朝日新聞外交専門記者

米国のブリンケン国務長官(左)とオースティン国防長官(中央)(Photo by Kiyoshi Ota/Bloomberg/Pool/Anadolu Agency via Getty Images)

米国のブリンケン国務長官とオースティン国防長官が15日から日本と韓国を歴訪した。日米と米韓で、外交・防衛閣僚による安全保障協議(2プラス2)を行い、それぞれ共同声明を出した。

ブリンケン長官は帰途、米アラスカ州アンカレジでサリバン米大統領補佐官(国家安全保障担当)と共に、中国の楊潔篪共産党政治局員、王毅国務委員兼外相との外交トップ会談に臨んだ。ブリンケン氏は、日中韓の考え方や置かれた事情を良く理解した老獪な手法を見せつけた。米国での勤務経験がある元韓国政府高官は「ブリンケン氏と一緒に仕事ができればハッピーだと言ったバイデン米大統領の言葉を思い出した」と語る。

ブリンケン氏は大統領選挙期間中、バイデン氏陣営の外交政策顧問を務めた。2期目のオバマ政権では国務副長官を務めたほか、副大統領時代のバイデン氏に国家安全保障担当補佐官として仕えた。「理想のプロフェッショナル外交官」という評価で知られる。

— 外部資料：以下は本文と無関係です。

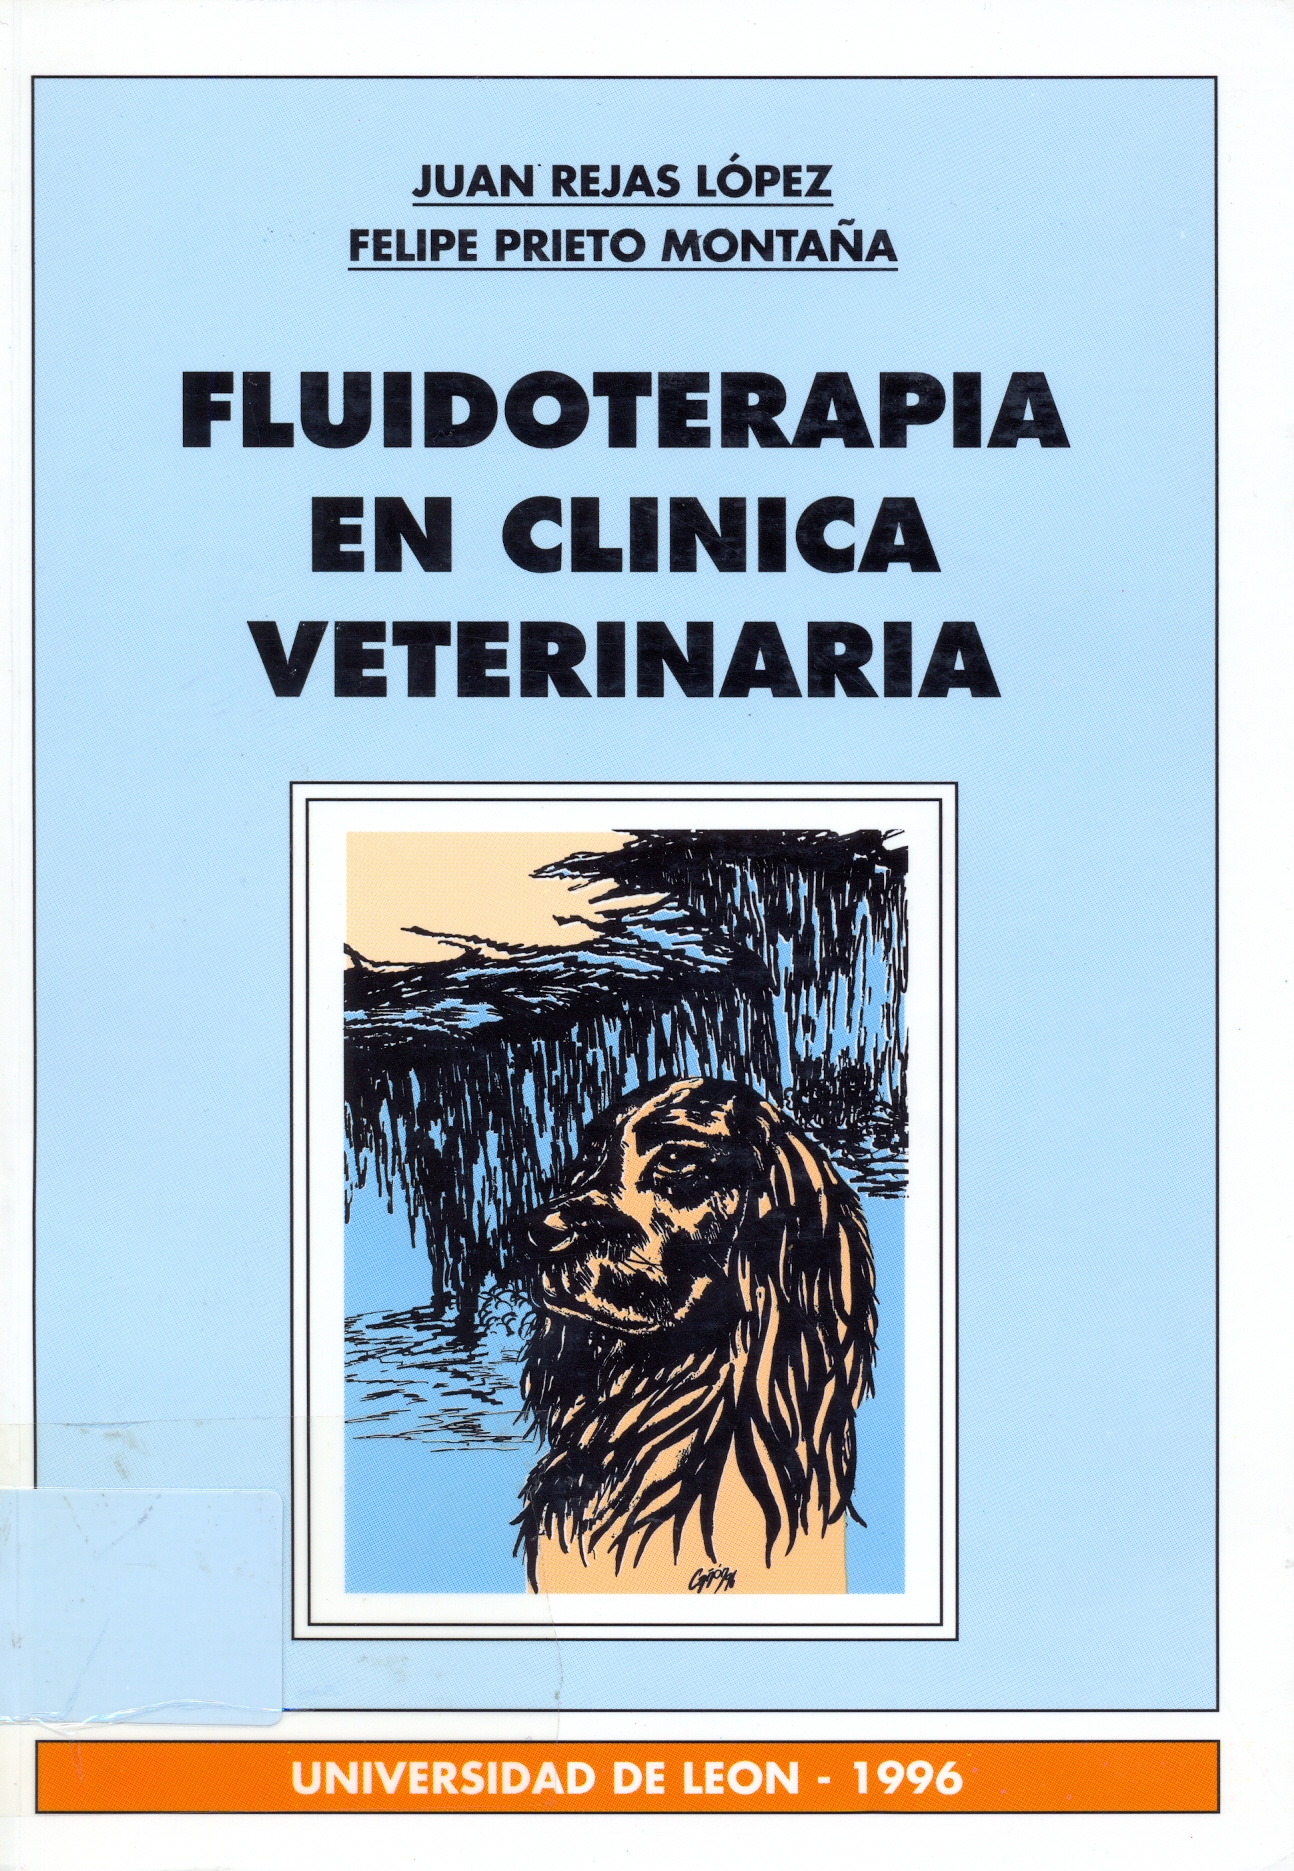 Imagen de portada del libro Fluidoterapia en clínica veterinaria

ブリンケン氏の外交の白眉は18日に始まった米中外交トップ会談の初日だった。一部報道陣に公開する冒頭発言は米中それぞれ2分間ずつの約束だった。ブリンケン氏は、新疆ウイグル自治区や香港の人権問題を取り上げ、「ここで取り上げる義務がある」と強調した。これに対し、楊潔篪氏は「中国には中国の民主主義がある」などと約15分間にわたって猛烈に反論した。

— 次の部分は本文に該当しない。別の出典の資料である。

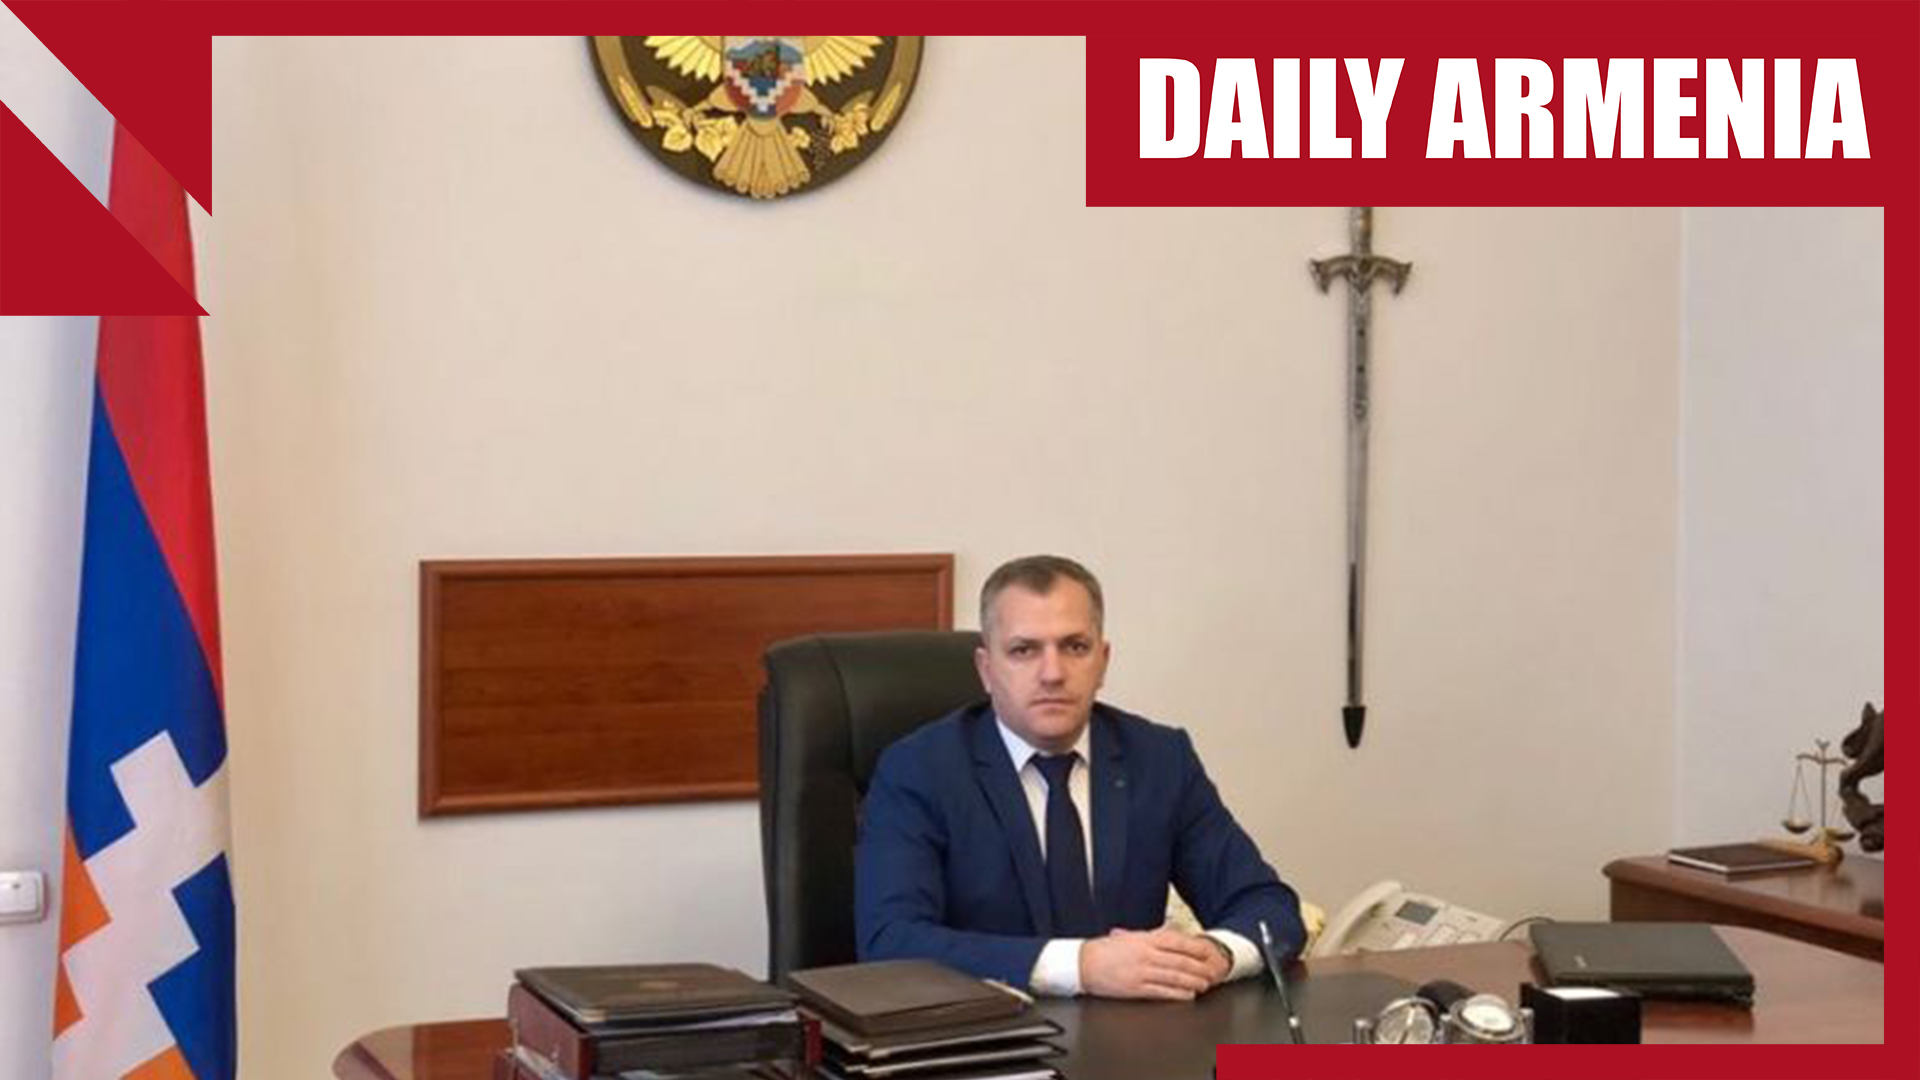 Karabakh set to choose new president

通常、ここで報道陣は退出となるところ、ブリンケン氏は「hold on(ちょっと待って)」と呼び戻し、結局報道陣を前にしたやり取りが1時間ほども続いた。

関係筋によれば、ブリンケン氏の冒頭発言は、事前によく練られたものだった。ブリンケン氏は日本や韓国でも、中国の人権問題に言及。16日に発表された日米2プラス2の共同声明は、安全保障協議であるにもかかわらず、「閣僚は、香港及び新疆ウイグル自治区の人権状況について深刻な懸念を共有した」という表現が入った。ブリンケン氏は17日に行われた米韓外相会談でも、やはり報道陣を前にした冒頭発言で中国の人権問題に言及した。

元韓国政府高官は一連の「人権発言」について、「一石三鳥の効果がある」と語る。第1に、人権問題は中国が一番触れて欲しくないアキレス腱だ。第2に、米国が人権を重視する伝統的な外交手法に戻ってきたという安心感を与える。第3に、国際社会で中国と対決する場合、、誰もが反対しにくい人権問題を取り上げることで、中立的な国々を巻き込む効果が見込める──というわけだ。